Updates from ASLA

ASLA 2019 Professional General Design Honor Award. Glenstone, Potomac, Maryland. PWP Landscape Architecture >

ASLA Presidential Candidates Forum Question 1: Eugenia Martin, FASLA

Question 1: What role should ASLA play in addressing the day-to-day practice- and business-related concerns and needs of the profession?

Candidate Bio

The role ASLA should play in addressing the concerns and needs of the profession is defined in ASLA’s Mission: Advocacy, Communication, Education, and Fellowship. Each of these cornerstones directly intertwine in the day-to-day practice and business of our members, non-members (who we would like to recruit to become members), emerging professionals, and students.

Advocacy of the profession directly impacts the day-to-day practice and business. ASLA’s advocacy efforts at the Federal level have helped pass legislation important to landscape architects, including federal funding for programs used by landscape architects. At the state level, ASLA’s role in advocacy protects licensure of the profession. ASLA provides tools on the website to monitor legislation in each state, allowing individuals to be mindful and ready to respond to legislation which may deregulate landscape architecture or institute occupational licensing reform measures. These advocacy efforts bring awareness of, and for, the profession, which protects landscape architects and the various work we do.

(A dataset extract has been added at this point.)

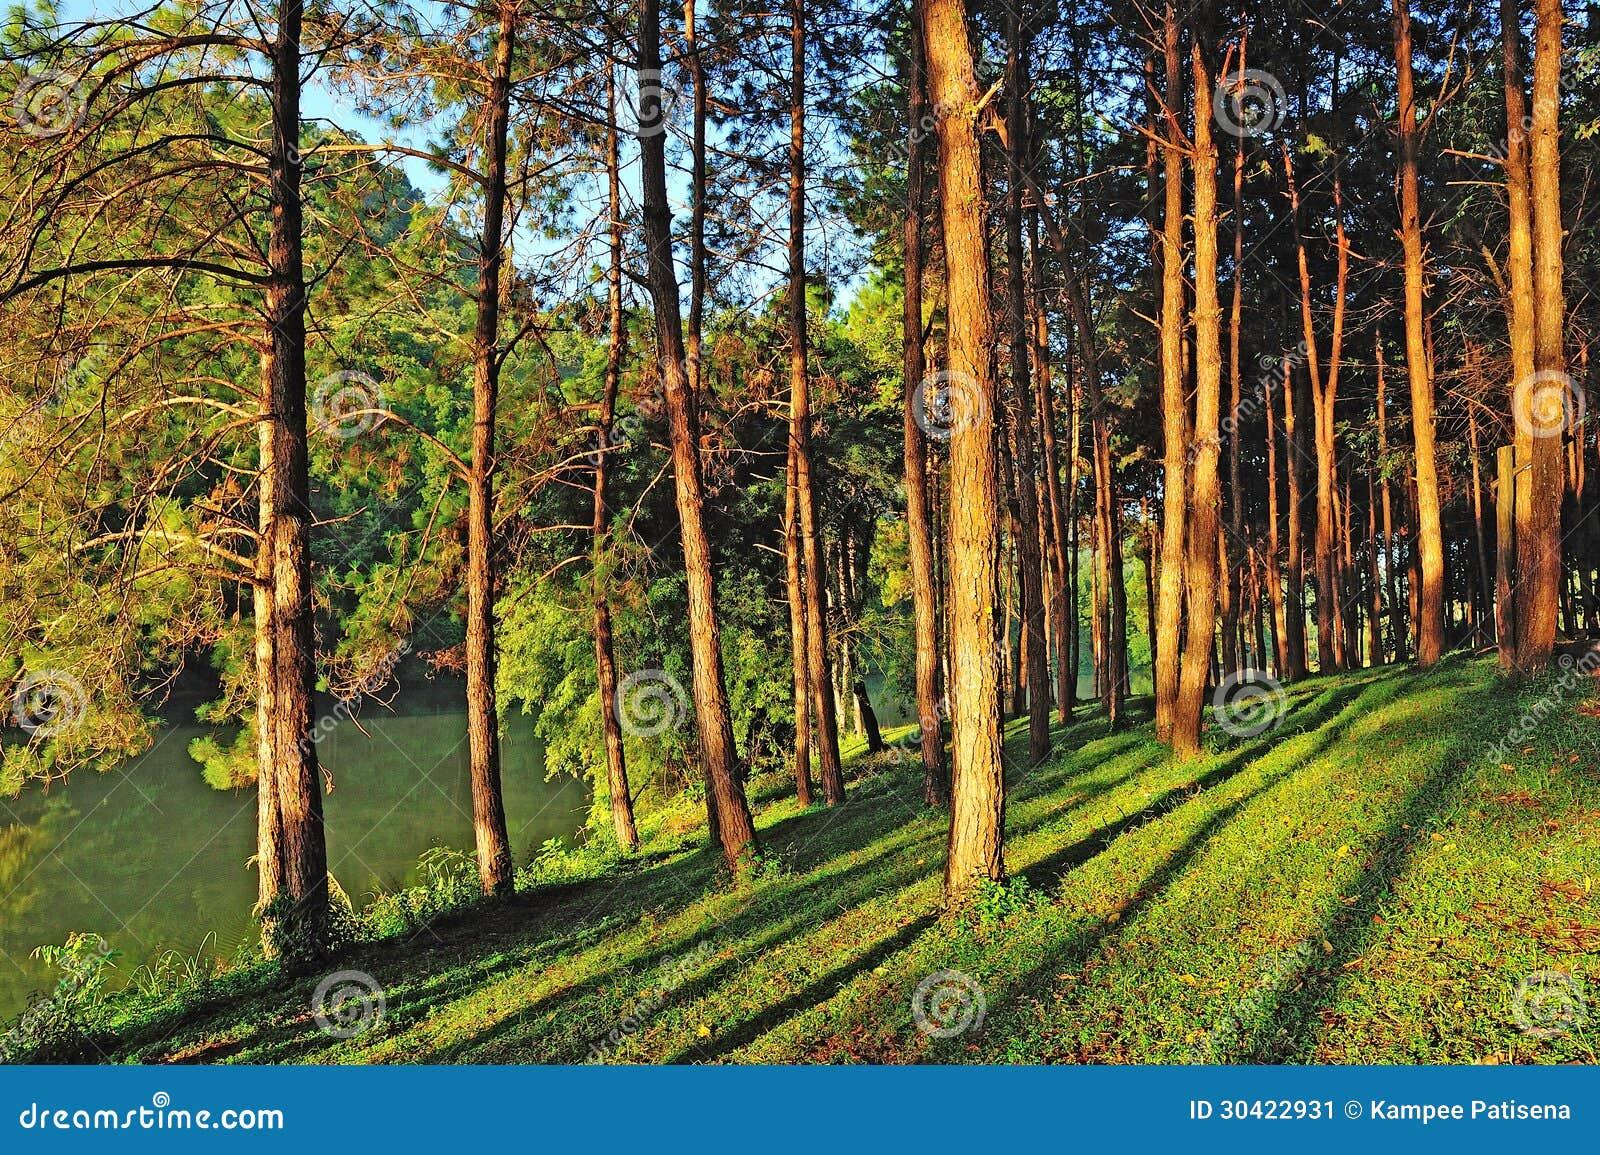 Pang Ung Forestry Plantations
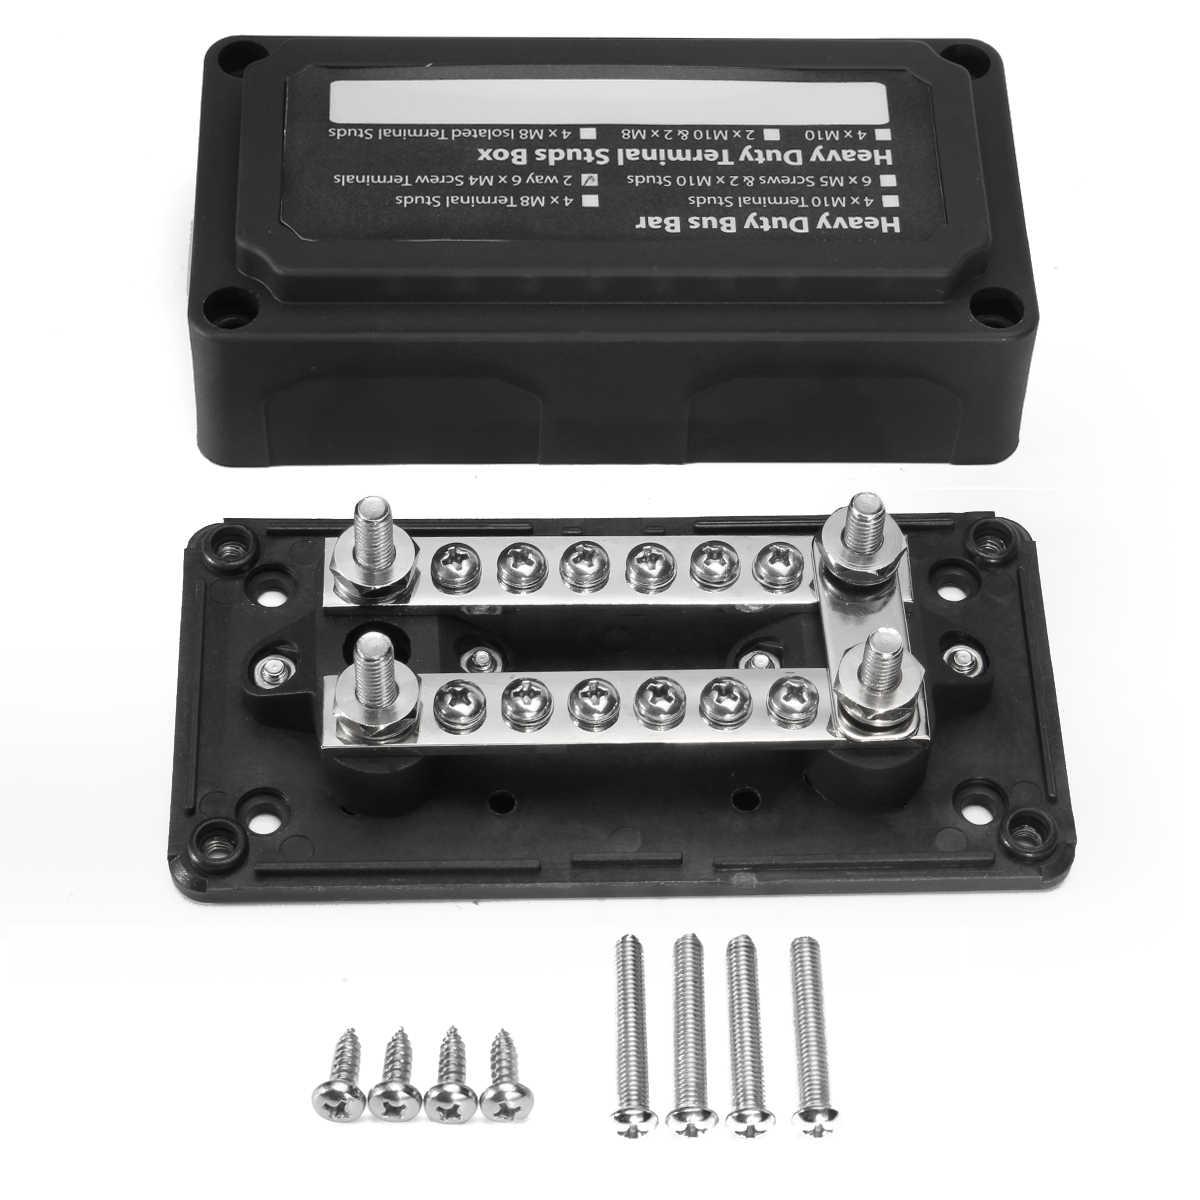 medium resolution of car blade fuse box block 48v heavy duty modular design dual bus bars with connecting

As I mentioned in my concepts and aims statement, mindful communication brings about awareness of the profession, helping to advance it with clients, policy makers, and allied professionals, but also with the general public. The ASLA website along with Landscape Architecture Magazine, provide an opportunity to highlight the profession and diversity of practice, from private sector to public sector, as well as the breadth of the practice, from residential design to parks to campuses to shoreline restoration to regional masterplans. ASLA’s communication platform, as well as how and what is communicated, is incredibly important to the health and awareness of the profession.

ASLA’s role in education consists of extensive resources, from continuing education to business tools, and is responsive to member needs. A great example is the “QuickBooks for Small Business Owners in Landscape Architecture: The Basics” webinar provided last year. Noticing a gap in business tools as it relates to small businesses, an ASLA member helped develop this webinar which was viewed live by over 230 people. Because of its success, the webinar has remained on ASLA’s business tool website for future viewing and has inspired the creation of a follow-up webinar to be planned for later this spring.

While fellowship may not seem like a concern to the day-to-day practice or business, it is definitely a need. ASLA provides opportunities to learn from each other, to celebrate successes, and to grow not only as a landscape architect, but as an individual through the Conference on Landscape Architecture and Professional Practice Networks. Being a member of ASLA provides a connection to other members from the time you are a student to well beyond retirement. Because of ASLA, I have an amazing network of colleagues and friends I can reach out to at any time as a resource, for sharing of best practices and collaboration, or for references/recommendations.

While it seems simple to look at the mission of ASLA for the role it plays in the profession, the purpose of a mission is to identify how to serve the needs of the profession it represents.